> SOURCE MATERIAL:
• • • •
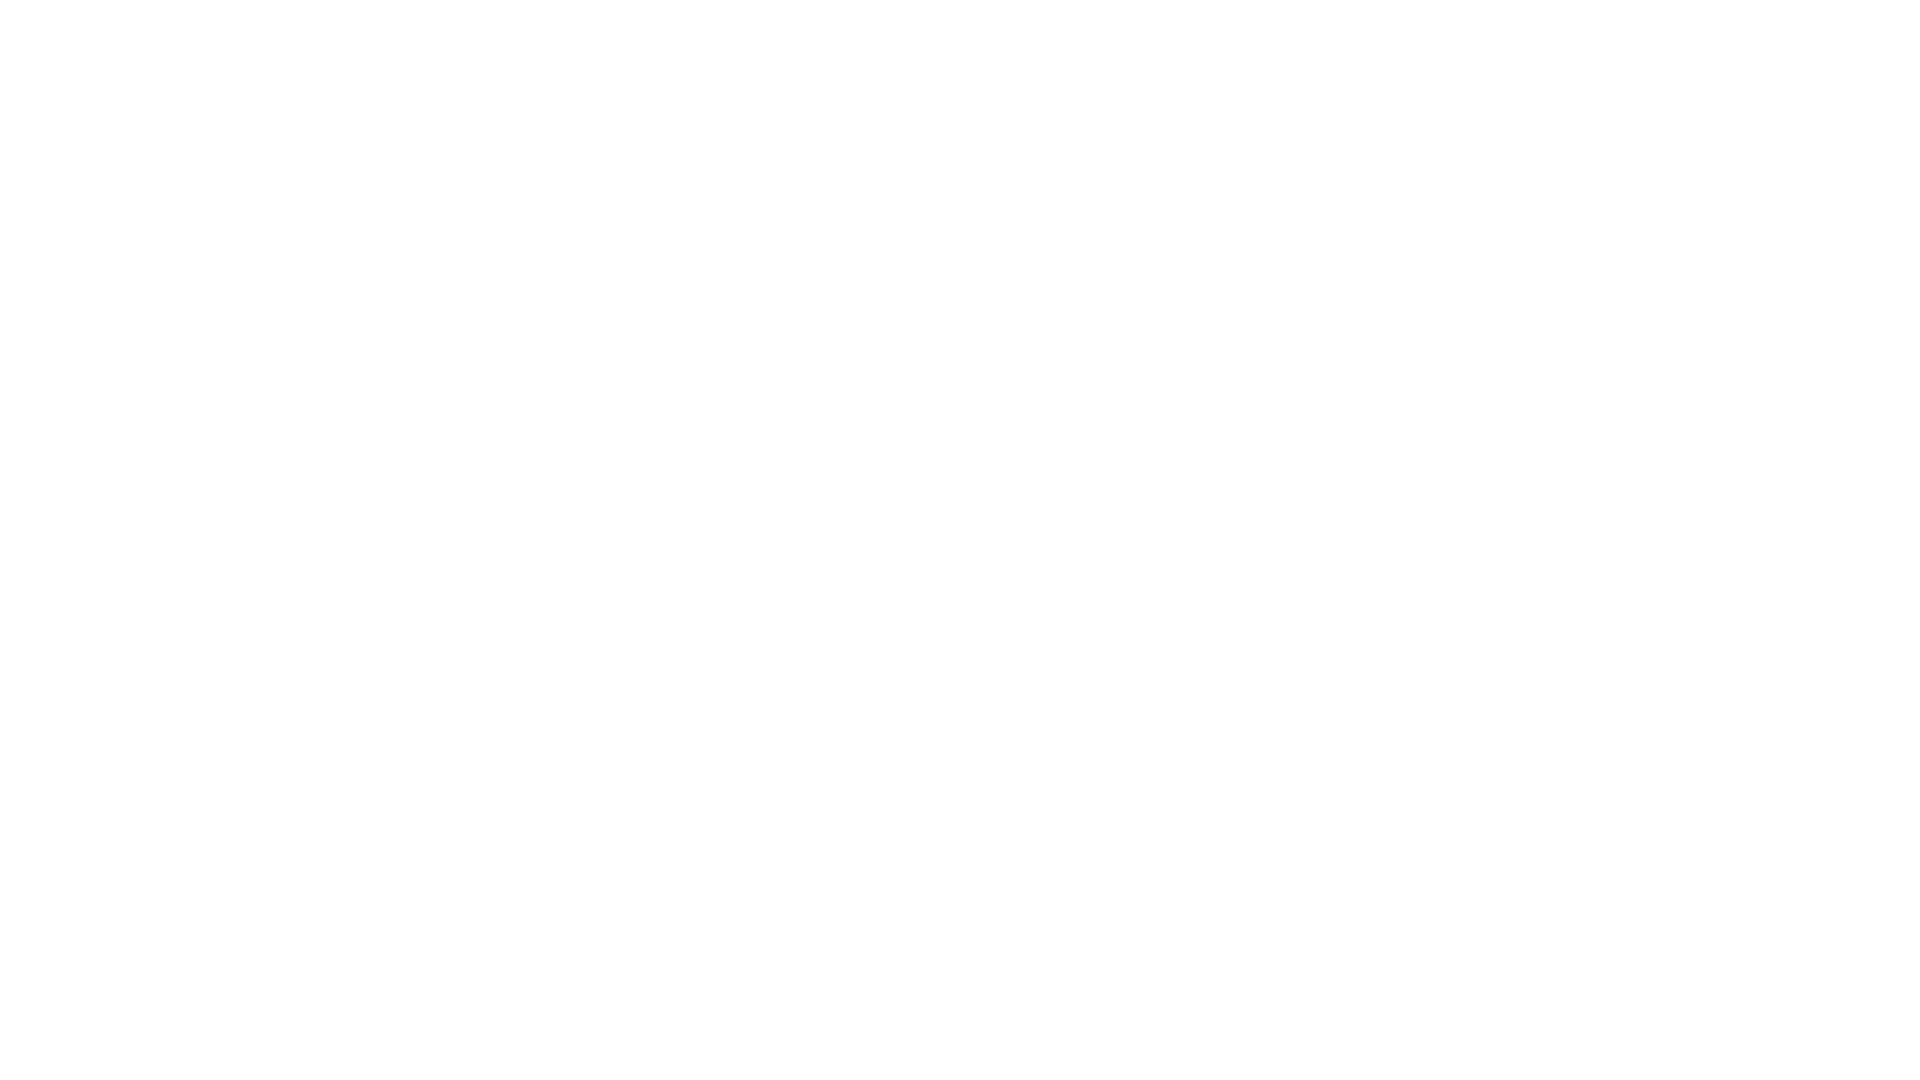 ※100個限定販売 至高下半身盗撮 プレミアム Vol.33 ハイビジョン お姉さんのSEX ワレメ動画紹介 93枚 35
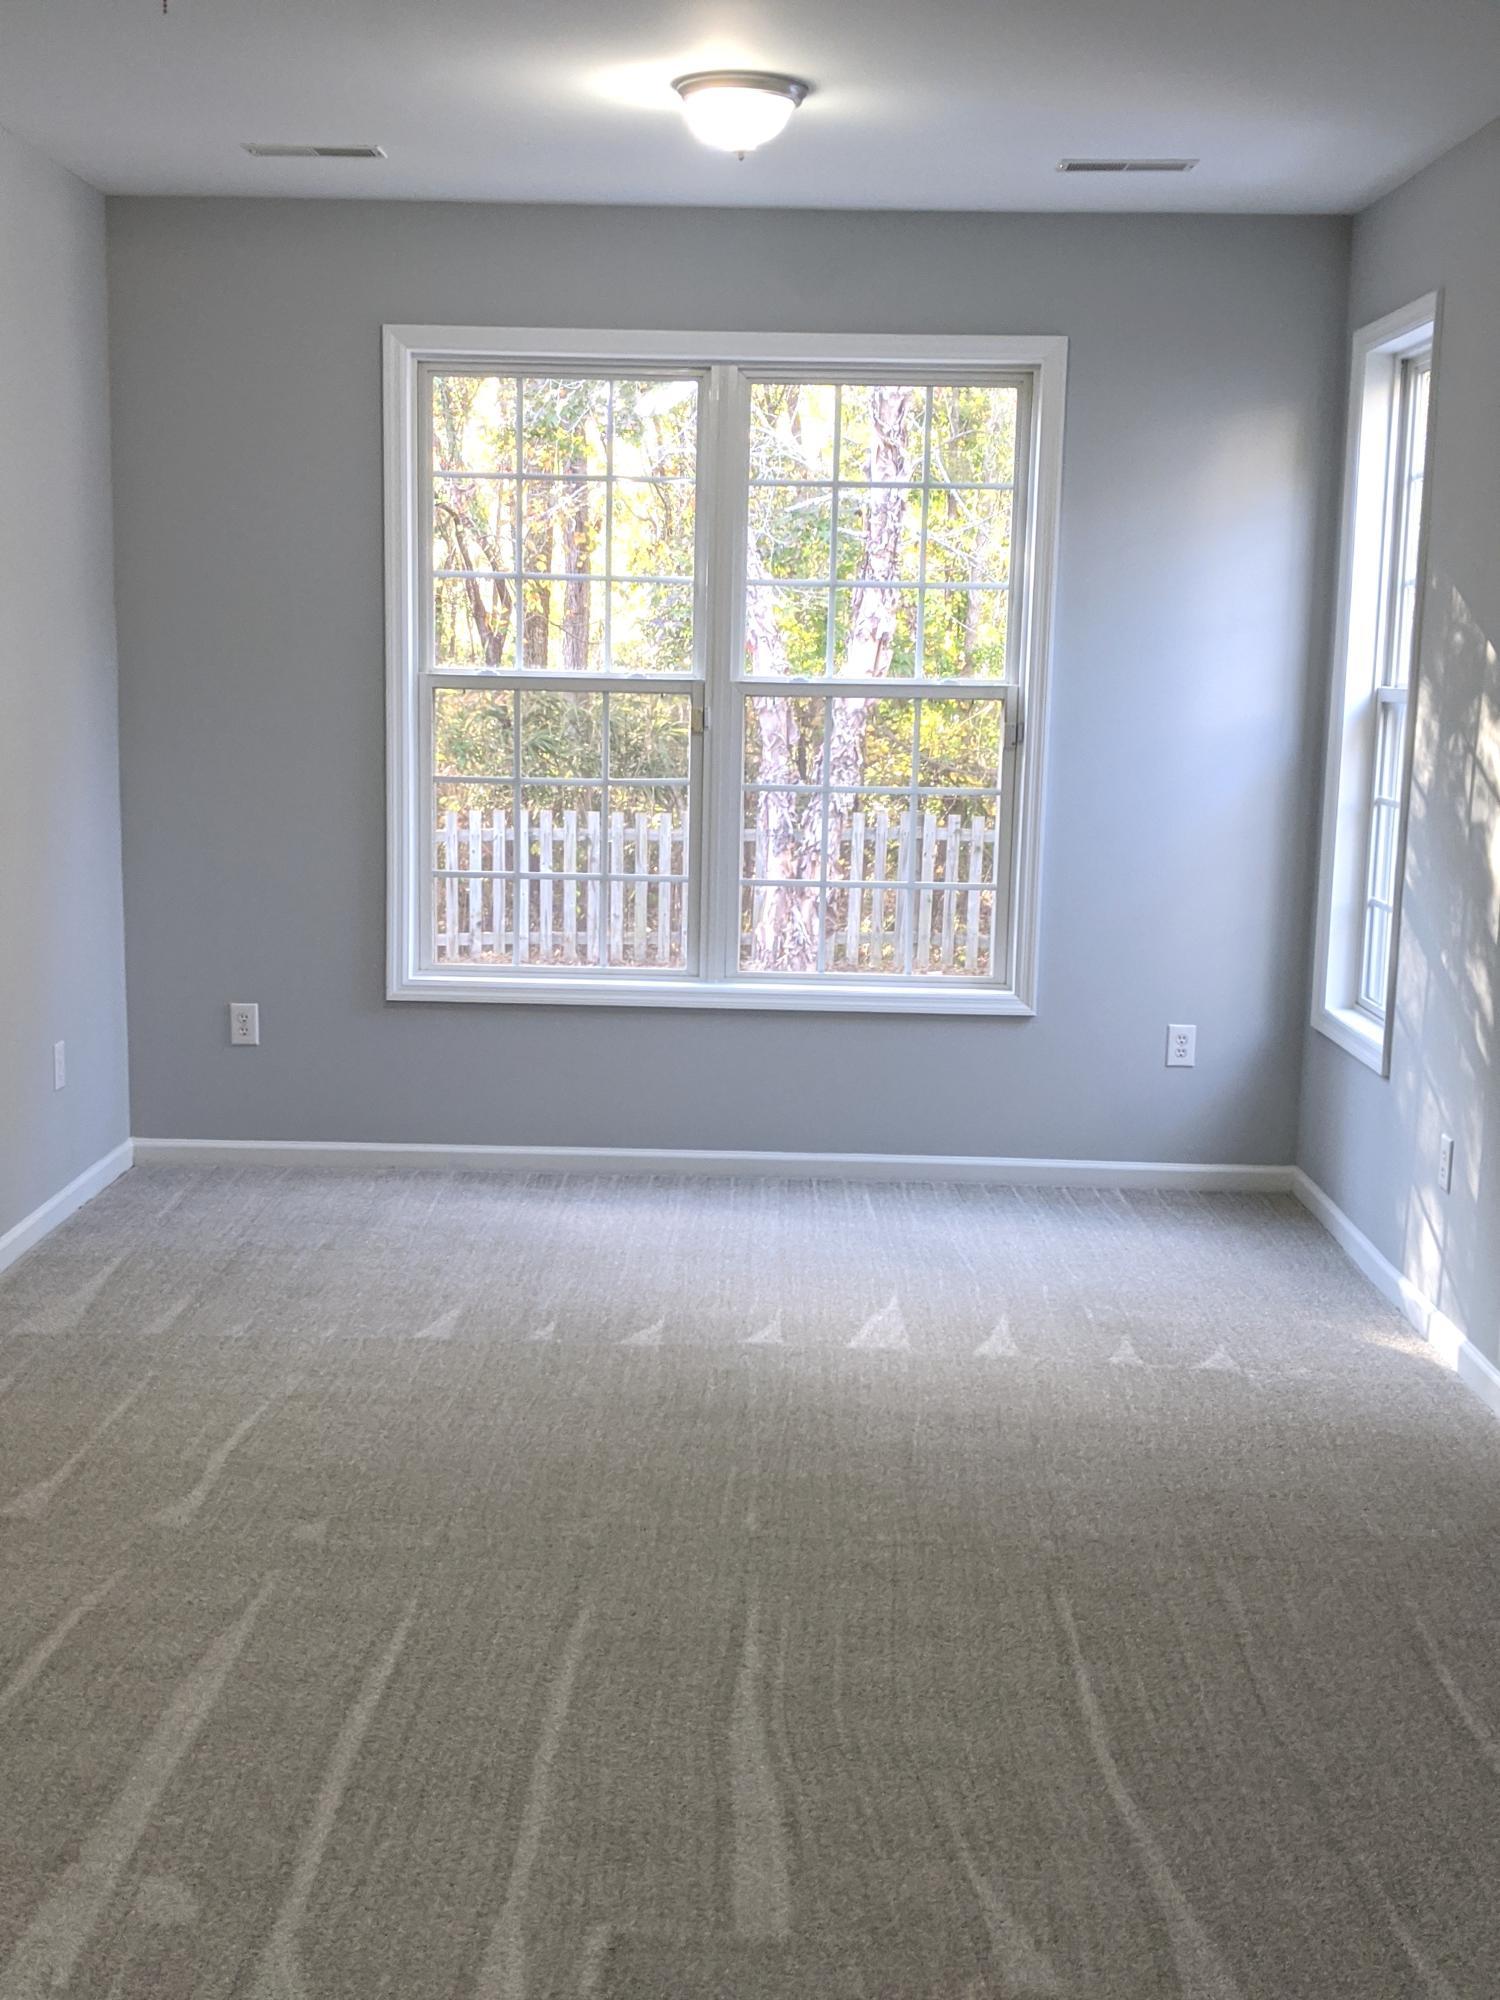 Park West Homes For Sale - 2131 Baldwin Park, Mount Pleasant, SC - 20
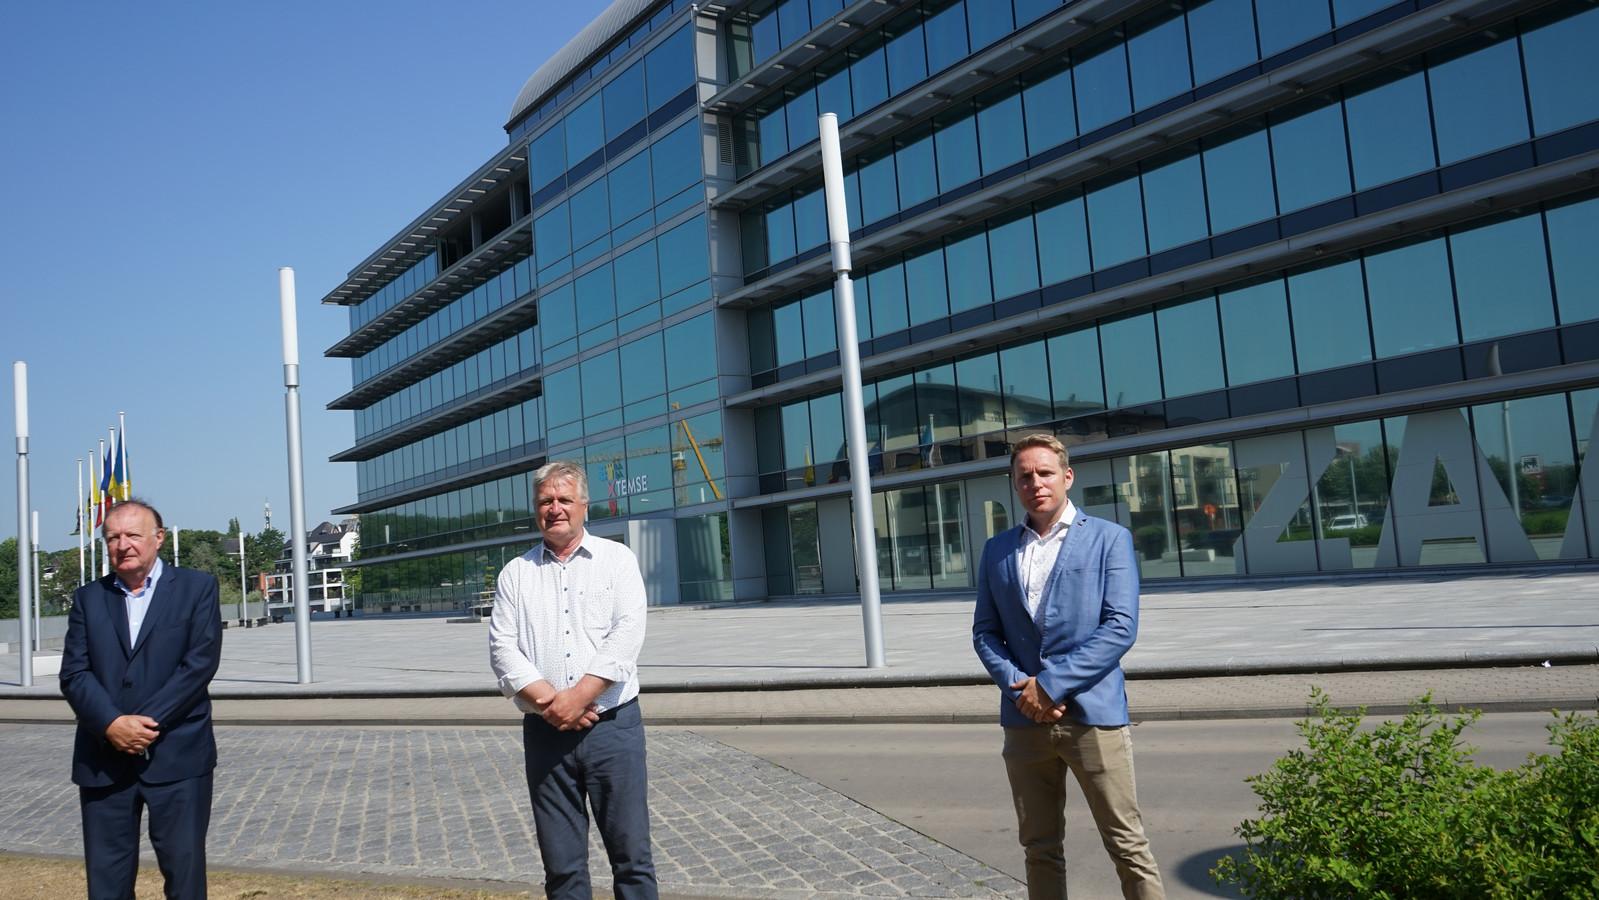 Luc Michiels, CEO van Umisol, schepen Hugo Maes en installateur Stijn Sillis bij AC De Zaat. Alle glaspartijen langs de zuid- en oostkant kregen een speciale folie.
• • • •
> PROBLEM DETAILS: Down to the final line, restate the material above word for word, but omit its pictures.

> WRITTEN SOLUTION:
 ※100個限定販売 至高下半身盗撮 プレミアム Vol.33 ハイビジョン お姉さんのSEX ワレメ動画紹介 93枚 35
 Park West Homes For Sale - 2131 Baldwin Park, Mount Pleasant, SC - 20
 Luc Michiels, CEO van Umisol, schepen Hugo Maes en installateur Stijn Sillis bij AC De Zaat. Alle glaspartijen langs de zuid- en oostkant kregen een speciale folie.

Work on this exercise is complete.